I laughed. “Not likely. I have no intention of showing up in his tavern while there is a bounty on my head, to ask him if, having done me one good turn, he was responsible for doing me another. Should the answer prove to be no, I would find myself in a bit of trouble.”

Elias nodded. “Even so, if he is responsible for sending that lass to you, it would behoove you to learn why.”

“I will. In the end, I’ll know.”

“As you are no longer inside Newgate, I can only suppose that you put the lockpick to good use.”

“I put it to the best use I could. I picked the locks of my chains,” I said, “tore a bar from the window, which I used to smash through the wall of a chimney I climbed. I then broke through a few more locks, made my way up a series of stairways, and smashed through a barred window and, finally, climbed down a rope made of my own clothes, leaving me naked in the street.”

He stared at me. “An hour,” he repeated, “in the Turk and Sun.”

 

I
had passed by this inn a hundred times and never entered, for it always looked unremarkable. This unremarkable quality, however, was now precisely what I sought. Inside, the tables were filled with nondescript men of the middling sort, with their rough wool clothes and their coarse laughter. They did what men do in such places—drank, mostly, but also ate their chops, smoked their pipes, and grabbed at the whores who drifted in, looking to earn a few shillings.

I took the most poorly lit table I could find and called for a plate of whatever was warm and a pot of ale. When a boiled fowl in raisin sauce was set before me, I dug at the bird with carnivorous ferocity until my face was slick with grease.

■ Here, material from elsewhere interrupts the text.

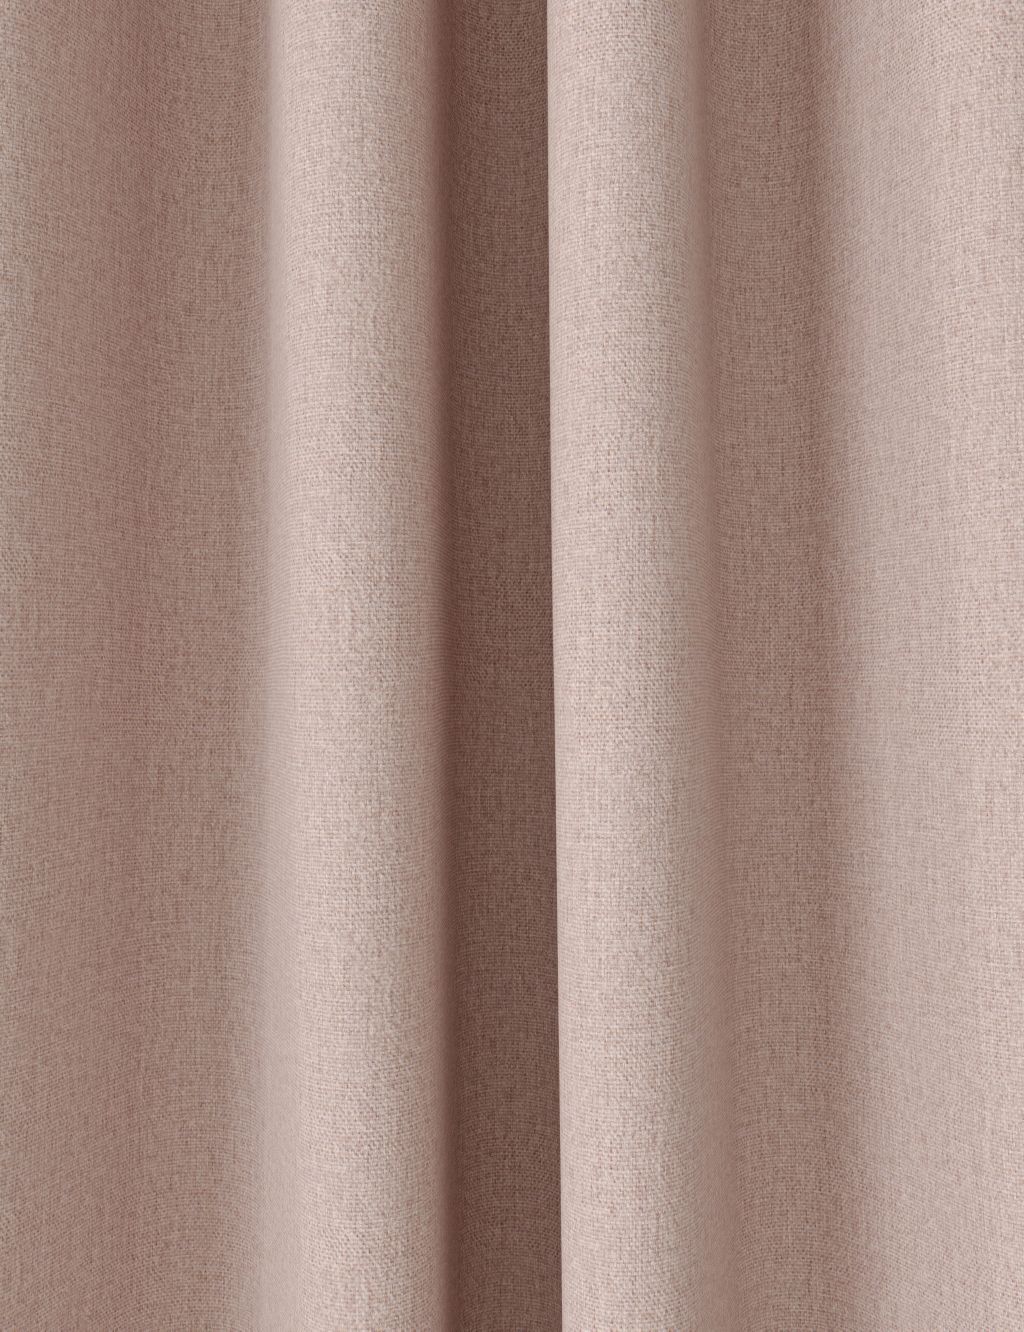 Eyelet Ultra Temperature Smart Blackout Curtains 3 of 6

I suppose liveried footmen were not part of the usual patronage of the inn, and for that reason I received my share of curious glances, but I endured no more molestation than that. After I finished eating, I drank my ale and, perhaps for the first time, contemplated in all seriousness how I might go about extricating myself from this terrible situation, surely the worst I had ever faced in a life full of terrible situations. I had reached very few conclusions by the time Elias showed himself. He joined me at the table, hunching over as though afraid someone might toss an apple at his head. I called for ale, which cheered him not a little.